Саламандра 2. Новые горизонты. - Полевка
Поэтому на следующий сезон штормов Сканд выехал вместе с мужем и домашними в имение, не забыв нарычать в Сенате, что никого не желает видеть и оторвет голову любому гостю, кто нарушит его покой. Лекс с удовольствием уехал за город в имение наследника и там, среди детей и улыбок домочадцев, предавался блаженному ничегонеделанию. Жалко, что сезон штормов был таким маленьким.
Лекс рассматривал витражи и вспоминал, как испугался в прошлом году, когда ему сообщили, что часть стены храма обрушилась. Да и в этом году, сидя в имении он время от времени посылал кого-нибудь в столицу, чтобы доверенные люди посетили храм и убедились, что щиты держат удары ветров и мусора и драгоценные витражи в безопасности. И вот теперь можно выкинуть из головы эти переживания и заняться текущими делами.
Лекс принял несколько углей из корзинки, принесенной монахом, и высыпал свое подношение на ложе прародительницы (ну, может, на один уголек больше, но кто их будет считать?), и спустя пару мгновений из того места, куда упали угли, появился хвостик Саламандры. Выгнулся дугой и рассыпался пеплом… Монахи благоговейно вздохнули и запели молитву, ударяя в маленькие бубны с бубенчиками. Лекс развернулся и под медитативный речитатив вышел из храма.

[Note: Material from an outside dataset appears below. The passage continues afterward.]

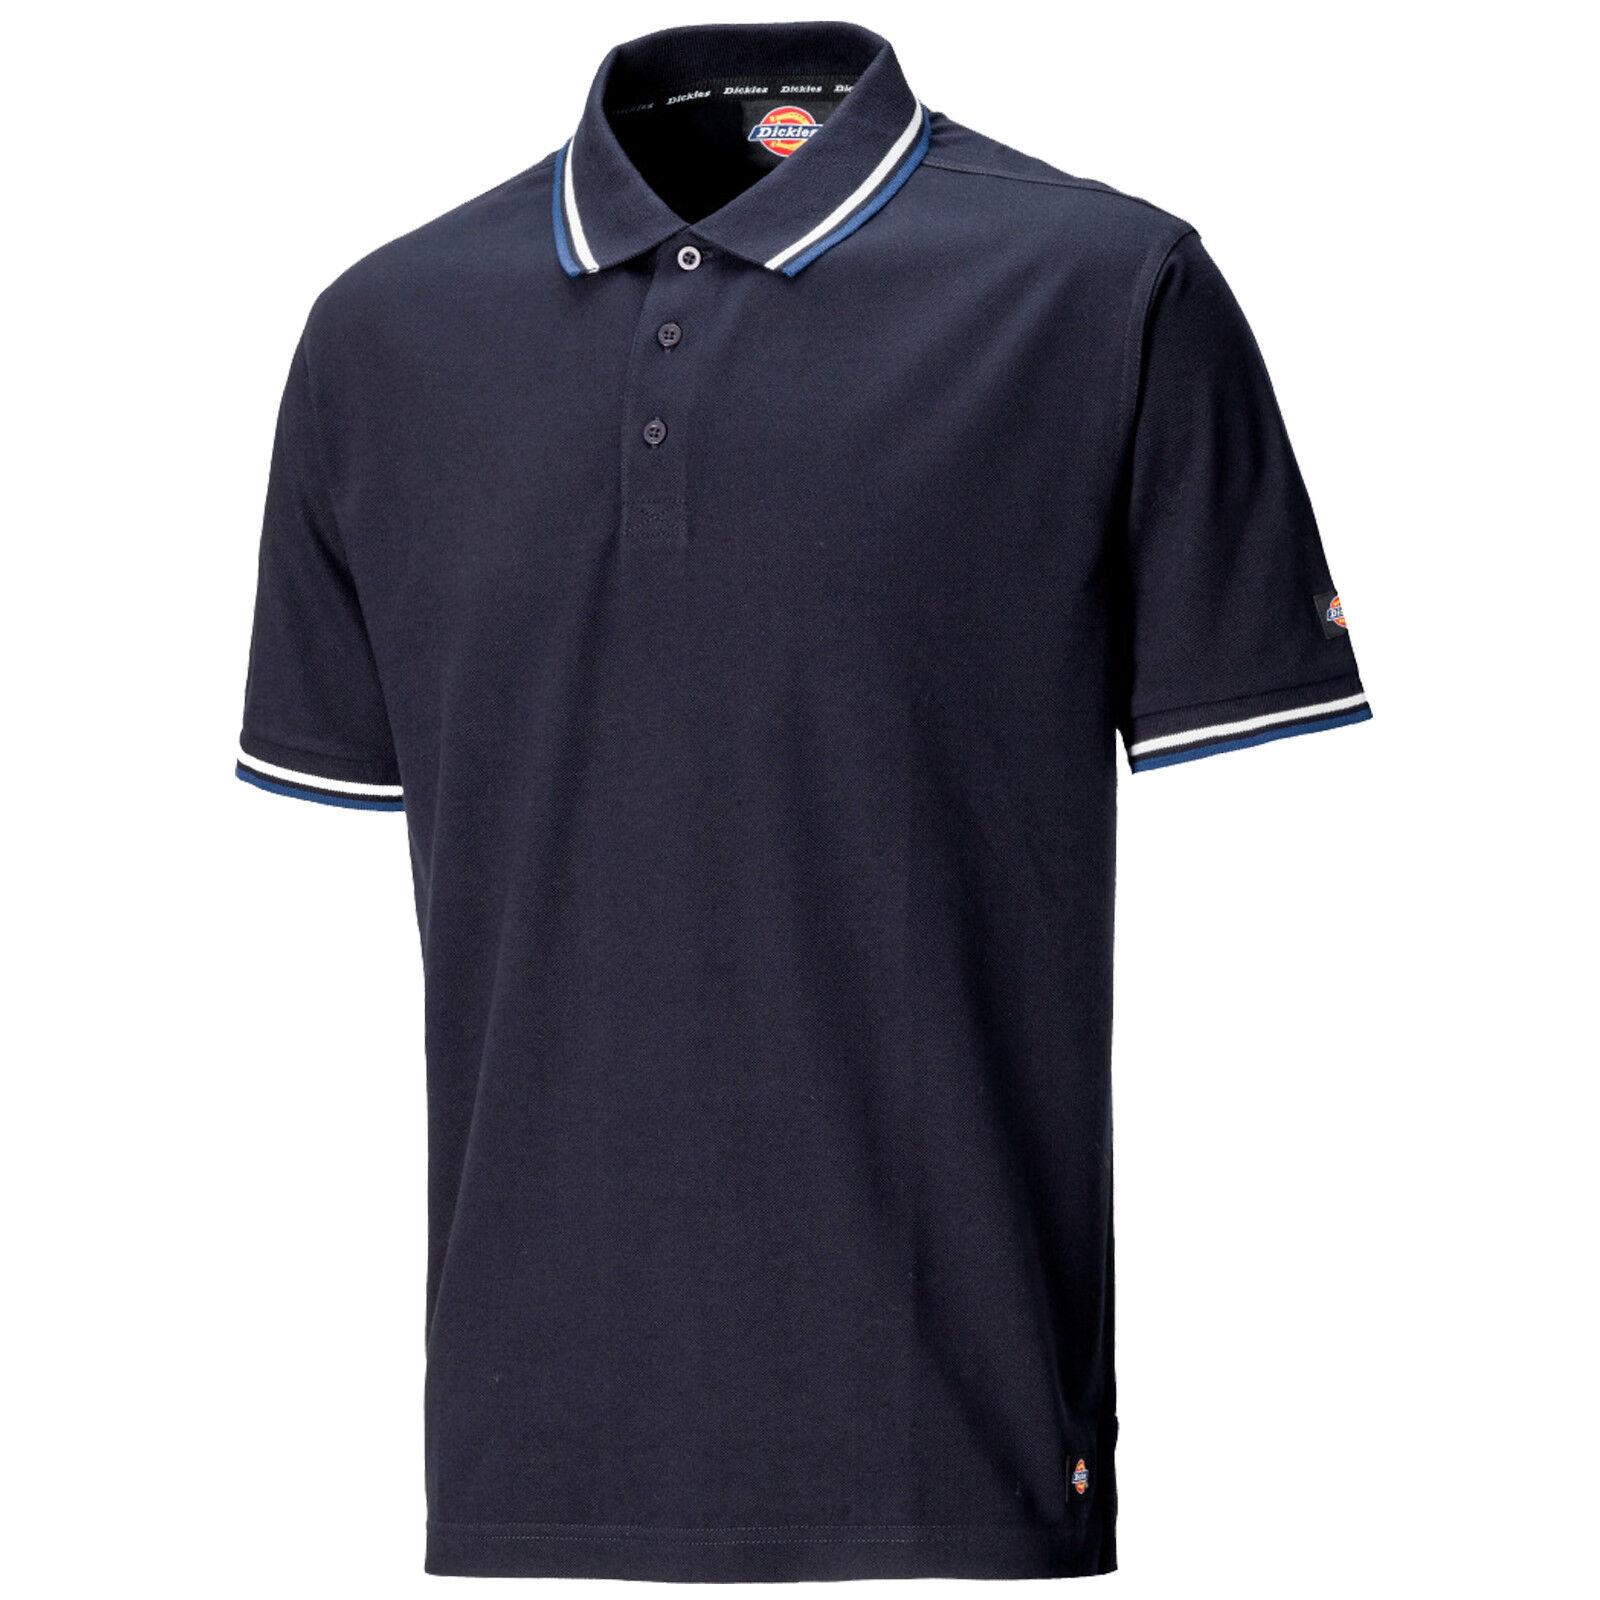 SH2001 Navy Black Grey Dickies Riverton Polo Shirt

- Братик, а теперь нам можно войти в храм? - перед храмом Саламандры стояли молоденькая девушка и вцепившийся в ее руку Ламиль.
- Конечно, дети, только не шумите, первосвященник разговаривает с монахами и не стоит отвлекать их от важного разговора.
Девушку звали Сулинни Саши Си, что значило – солнце, встающее над пустыней. На самом деле это звучало несколько поэтично, поскольку солнце на рассвете приносило в пустыню не только свет, но и тепло после ночных заморозков и, кроме этого, олицетворяло начало нового: дня, этапа в жизни, нового шанса на изменения. Сулинни была как бы сестрой Качшени и была той самой давно ожидаемой невестой Шарпа и Киреля. В прошлом году Чаречаши наконец согласился выпустить ее из своих алчных рук и с большой помпой привез в Империю. Но злые языки утверждали, что Сулинни была ему не сестрой, а дочерью. Поскольку ее отцом был сам Чаречаши, и именно поэтому он берег ее больше, чем младшего братика Качшени с его волшебными волосами.
Никто кроме самого Чаречаши не мог сказать, насколько это было правдиво. Официально у Чаречаши до сих пор не было детей. Для кладки нужен был младший супруг, а двух его предыдущих супругов настигала неожиданная смерть, первый как бы подавился ягодами, а второго зарезали в гареме, пока Чаречаши был на охоте. Чаречаши тогда от злости вырезал оба своих гарема, и мужской, и женский, и поэтому к появлению Сканда с армией захватчиков во дворце были только полубезумный шах и негодник Качшени, который и послужил причиной войны.
Сканд в тот раз не нашел во дворце девочку, а ее личные слуги предпочли перерезать себе горло на глазах Сканда, едва тот задал им вопрос, куда они спрятали младшего ребенка шаха. Но Сканд сильно и не искал Сулинни, его тогда заботил исключительно гадёныш Качшени, который разбил сердце любимому брату Пушану, и вся война началась исключительно для того, чтобы доставить Качшени в империю.
Сулинни привезли в большом паланкине, который, по сути, был небольшой комнатой, в которой можно было встать в полный рост и при желании размять ноги. Этот паланкин несло порядка тридцати рабов и один надсмотрщик, который контролировал, чтобы те, не дай боги, не вздумали идти в ногу и растрясти нежный груз. Там были пара матрасов с горой подушек, столик и дырка «отхожего места», которую закрывали плотной крышкой. Сулинни сопровождал полный штат прислуги, начиная от личной помощницы, секретаря для написания писем и чтения поучительных историй и заканчивая парикмахером и поваром, и, кроме этого, несколько личных охранниц, которые хоть и были белокожими, но двигались как девы копья.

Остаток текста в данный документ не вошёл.